Monday, March 5, 2012

Seat Belts

Lately I have been thinking about the controversial issue of seat belts and children in car seat. This topic mostly stems from my most recent interaction with my child and the fact that he no longer fits in his infant car seat. I have been researching and reviewing different brands of car seats in hopes to find one that will best protect my little man from a crash if in a situation that it ever occurs. In recent visits to the pediatrician I found myself asking the doctor what recommendations he has for car seats and how a child should be sitting in the car. Whether a child should be rear facing or forward. You see my little guy has LONG legs and being rear facing can seem a little cramped at times. I want him to be comfortable in the back, this got me thinking about when I should make his car seat rear facing, after all he is a year now and alot of my friends have chosen to make their childs car seat forward facing. The conclusion that I have found sums up to this:

"The American Academy of Pediatrics stated that they are now officially recommending parents keep their toddlers in rear-facing car seats until age 2, or until they reach the maximum height and weight for their seat. They're also advising that most children will need to ride in a belt-positioning booster seat until they have reached 4 feet 9 inches tall and are 8-12 years of age."

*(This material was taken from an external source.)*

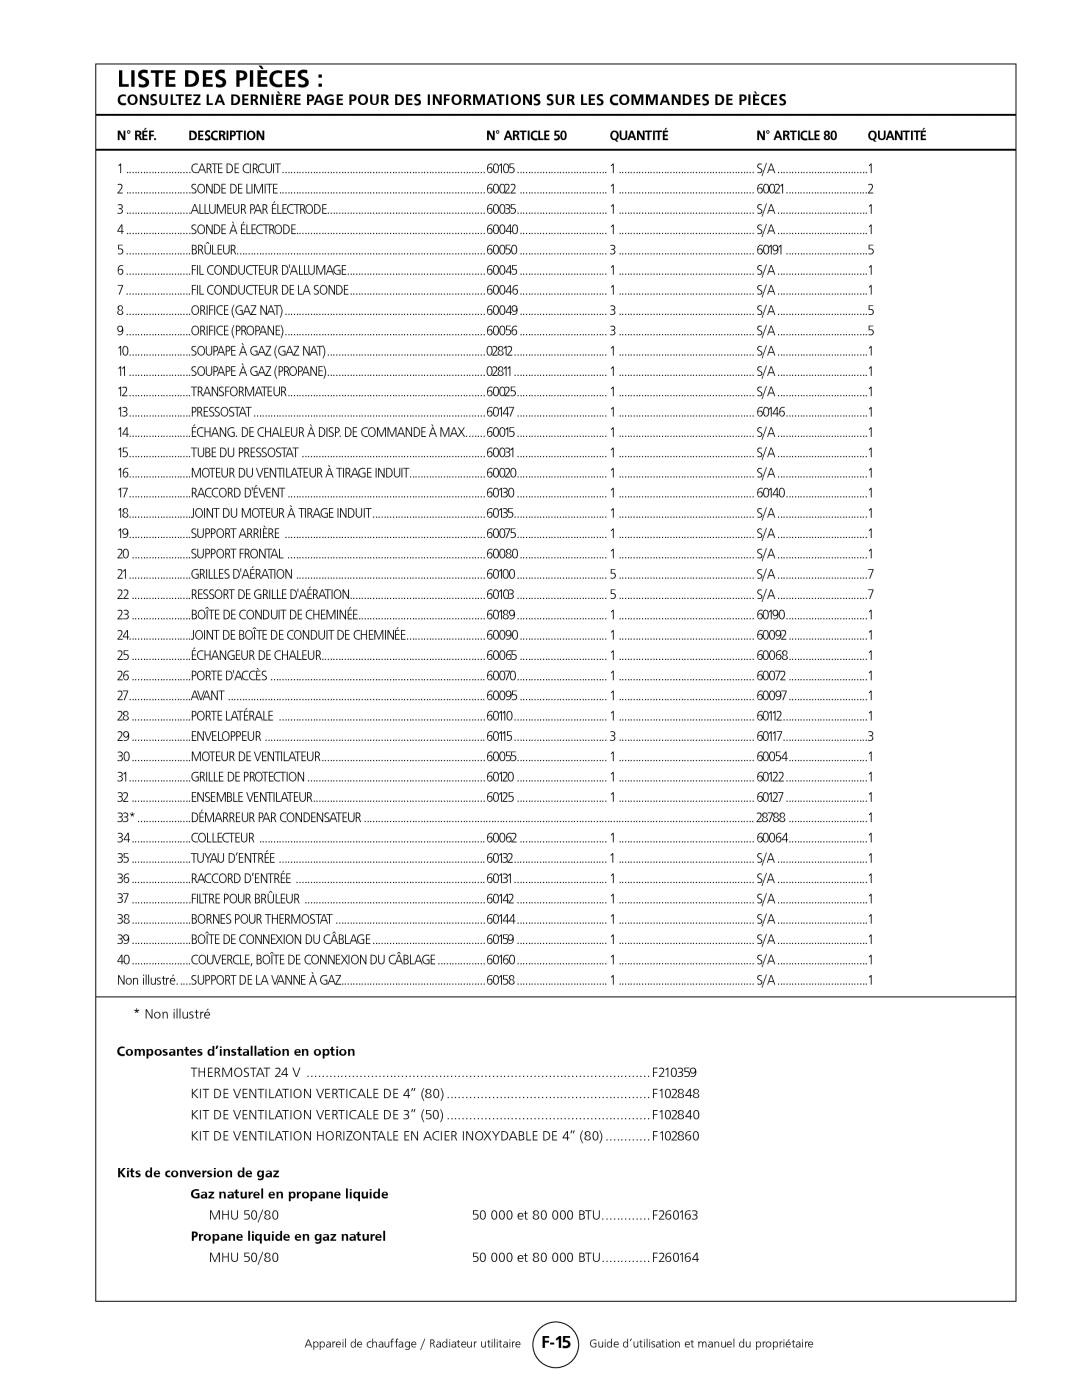 Mr. Heater MHU 80, MHU 50 Liste Des Pièces, N Réf, Description, N Article, Quantité, Composantes d’installation en option

The AAP's policy will appear in the April edition of Pediatrics (their peer-reviewed scientific journal) and is based on research such as a 2007 study in Injury Prevention showing that children under 2 are 75% less likely to die or be severely injured in a crash if they are riding rear-facing. According to a post from The New York Times, here's the problem with putting young children in a forward-facing seat:
“A baby’s head is relatively large in proportion to the rest of his body, and the bones of his neck are structurally immature,” said Dr. Dennis R. Durbin, scientific co-director of the Center for Injury Research and Prevention at the Children’s Hospital of Philadelphia. “If he’s rear-facing, his entire body is better supported by the shell of the car seat. When he’s forward-facing, his shoulders and trunk may be well restrained, but in a violent crash, his head and neck can fly forward.”

In the instance of a crash a babies head is more likely to fly forward causing the neck to have major damage and other life threatening issues. So when it comes down to comfort and safety I choose SAFETY and I hope most of you will as well. Look at the research and make the decision for your self and when you feel the time is right you can make the decision to go forward facing.

1 comment:

nate&amanda said...

My little guy is 21 months and well over 20lbs and is still backwards. He hates it, but there are a lot of things I have him do that he doesn't like.